Supplied data -
= = = = = = =

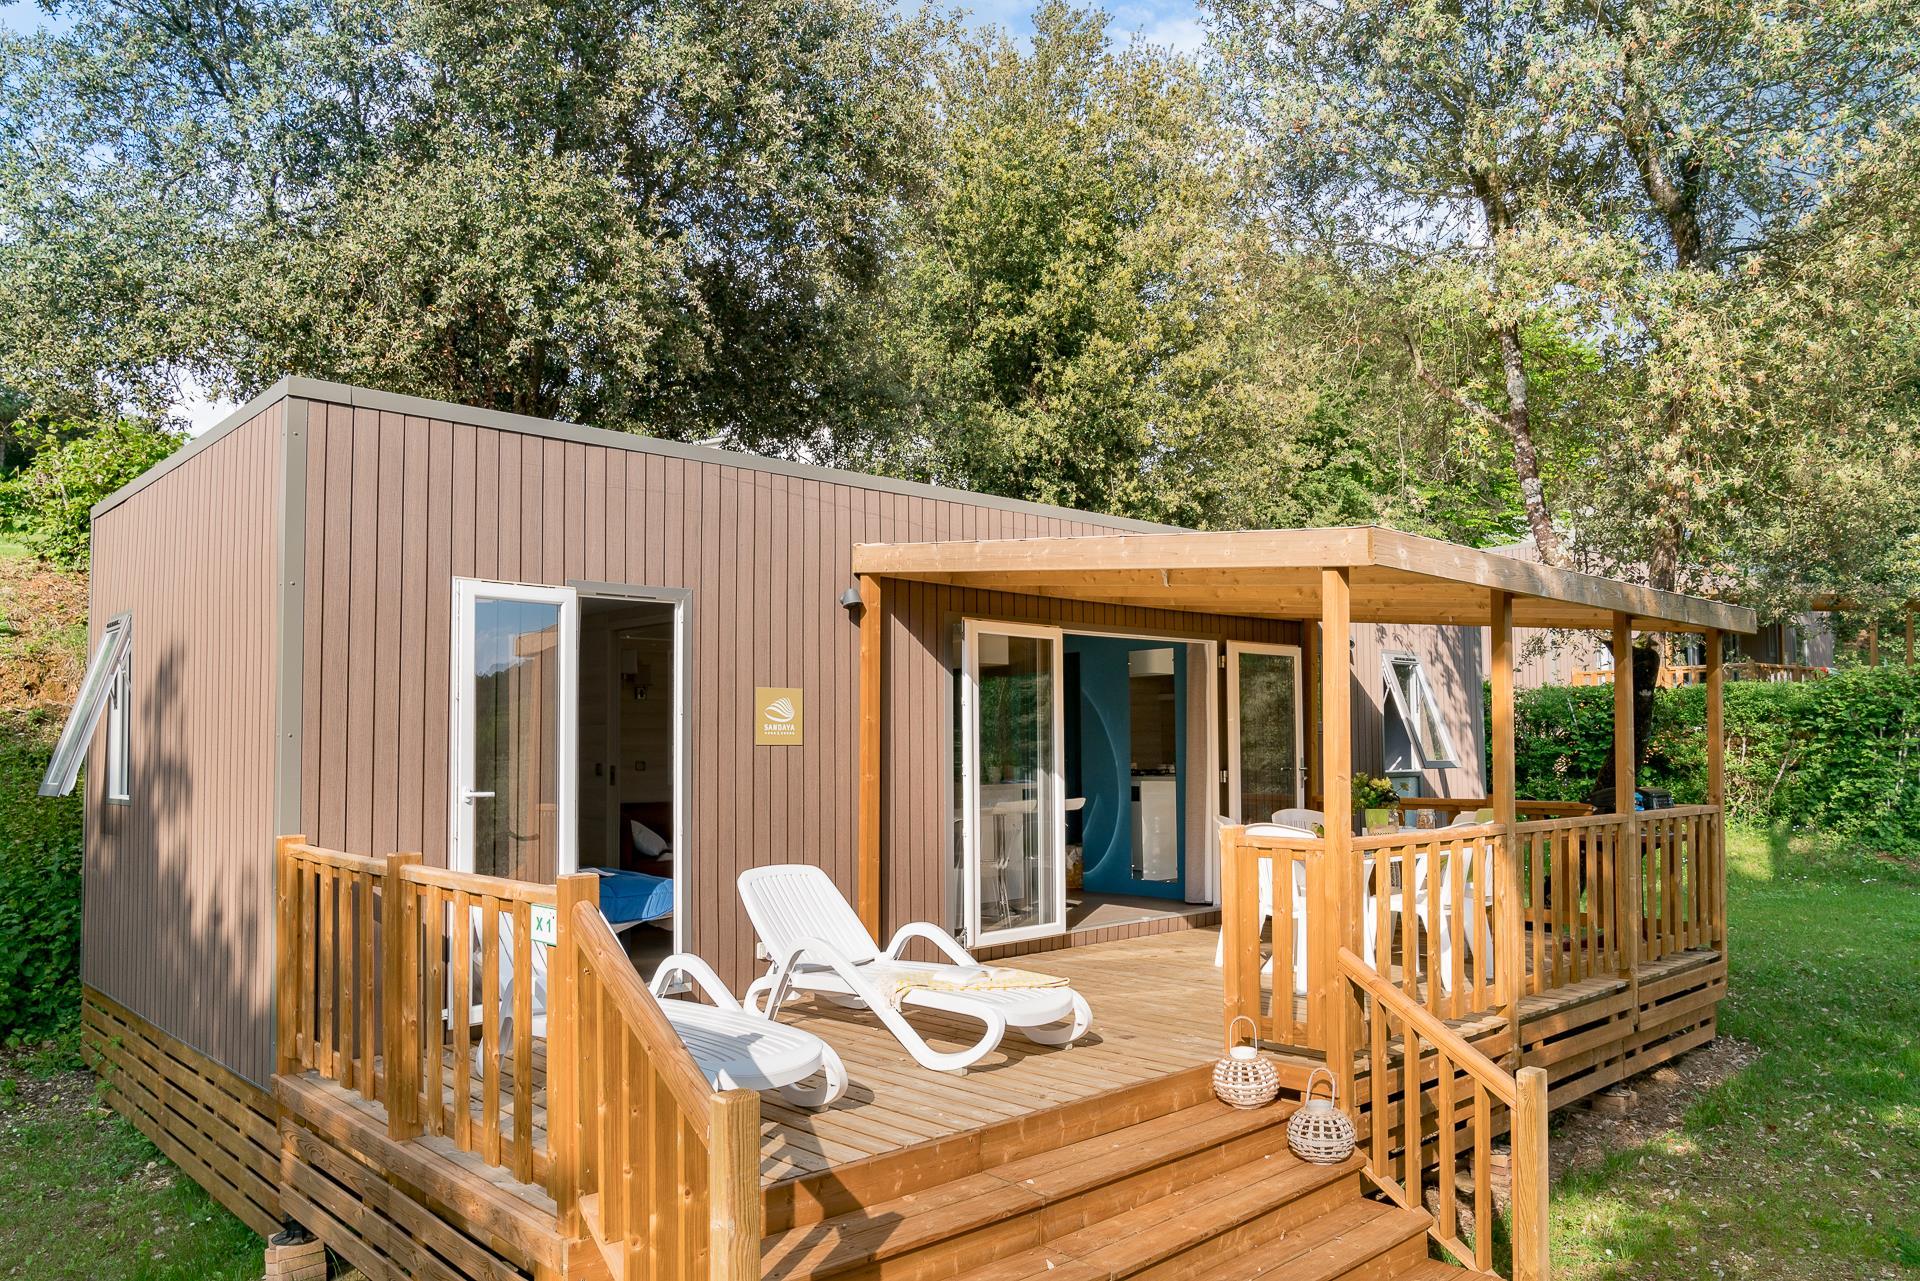 Location - Cottage Perigord 3 Chambres Clim Premium - Camping Sandaya Les Péneyrals
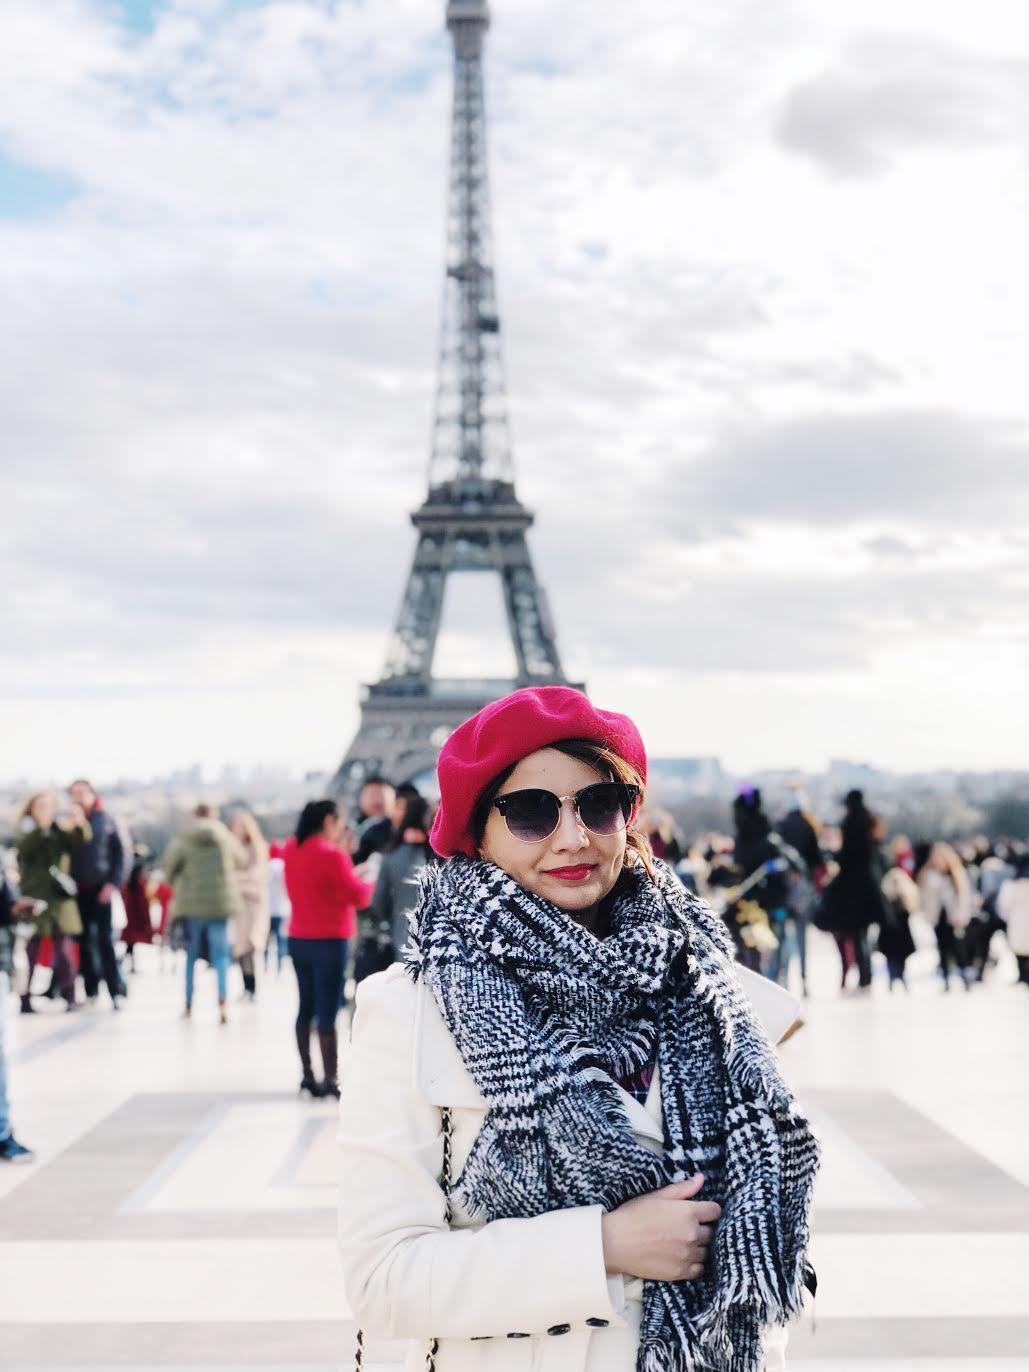 Muslim-travel-guide-Paris-Eiffel-Tower-portrait-location.jpg
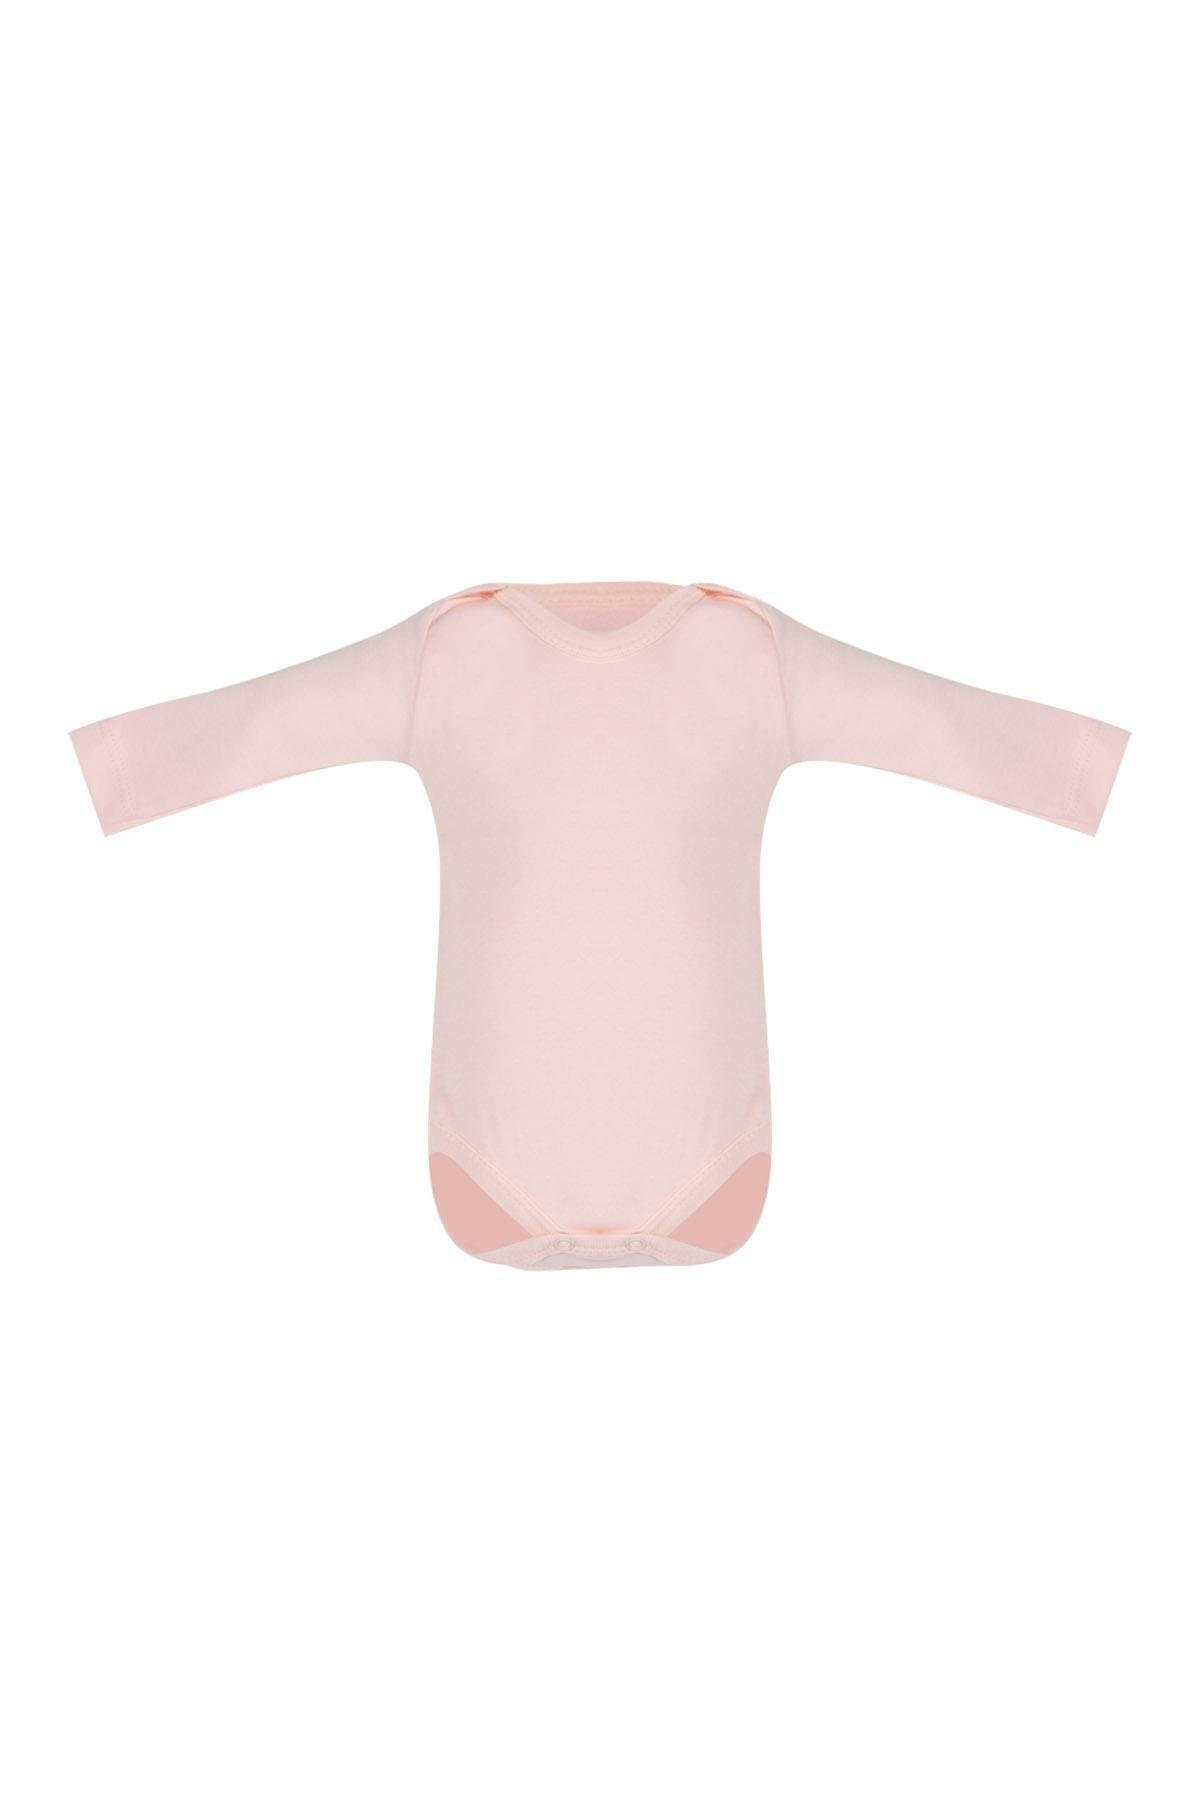 Pattaya Kids Kız Bebek Uzun Kollu Badi 2'li Takım 0-36 Ay BBTOO-BDY113 1

= = = = = = =

About this task -
Would you set down the material exactly as it stands, without the pictures?

Result of the exercise -
 Location - Cottage Perigord 3 Chambres Clim Premium - Camping Sandaya Les Péneyrals
 Muslim-travel-guide-Paris-Eiffel-Tower-portrait-location.jpg
 Pattaya Kids Kız Bebek Uzun Kollu Badi 2'li Takım 0-36 Ay BBTOO-BDY113 1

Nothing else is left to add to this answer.